The court is to form an opinion that for the just decision of the case recalling or re-examination of the witness is necessary. 13. The exercise of this power is to be guided by the object of arriving at a just decision of the case. It should not cause prejudice to the accused. The purpose is not to fill up the lacuna. Whether recalling of a witness is for filling up of a lacuna or it is for just decision of a case depends on facts and circumstances of each case. It is for the Court to consider all the circumstances and decide as to whether the prayer for recall is genuine or not. 14. In the present cases, while moving applications under Section 311 Cr.P.C. by the petitioners, no such bona fide has been shown.

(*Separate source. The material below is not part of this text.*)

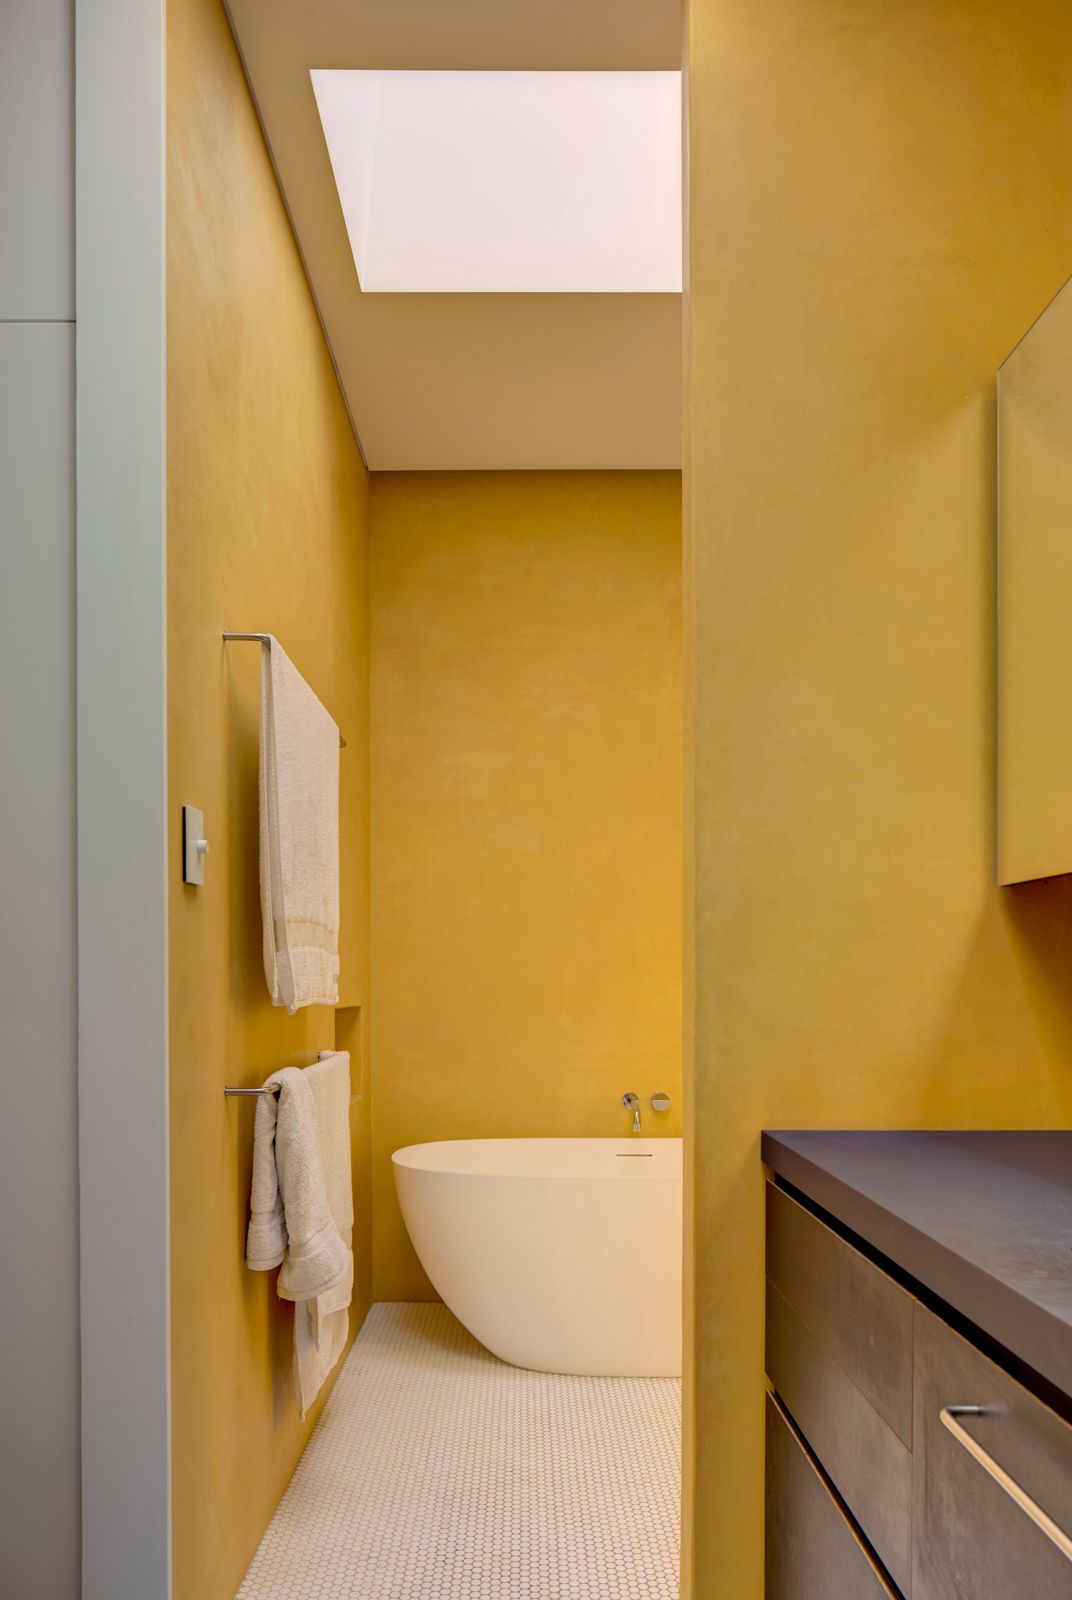 Sky House by Marra+Yeh Architects showing yellow bathroom with feature bath tub

Only on this ground that the witness is turned hostile because of pressure upon him, the applications have been moved at the fag end of the trial. The purpose appears only to delay the proceedings. 15. In absence of any plausible reason for recalling the Investigating Officer (PW-60 and PW-46, respectively in both the cases), the learned trial Court has rightly dismissed the applications in both the cases by passing a detailed reasoned orders and as such, no interference is required by this Court. 16. Accordingly, both the present petitions being devoid of any merit are hereby dismissed. 17. However, the trial court shall proceed with the cases and ensure that the trial be concluded at the earliest.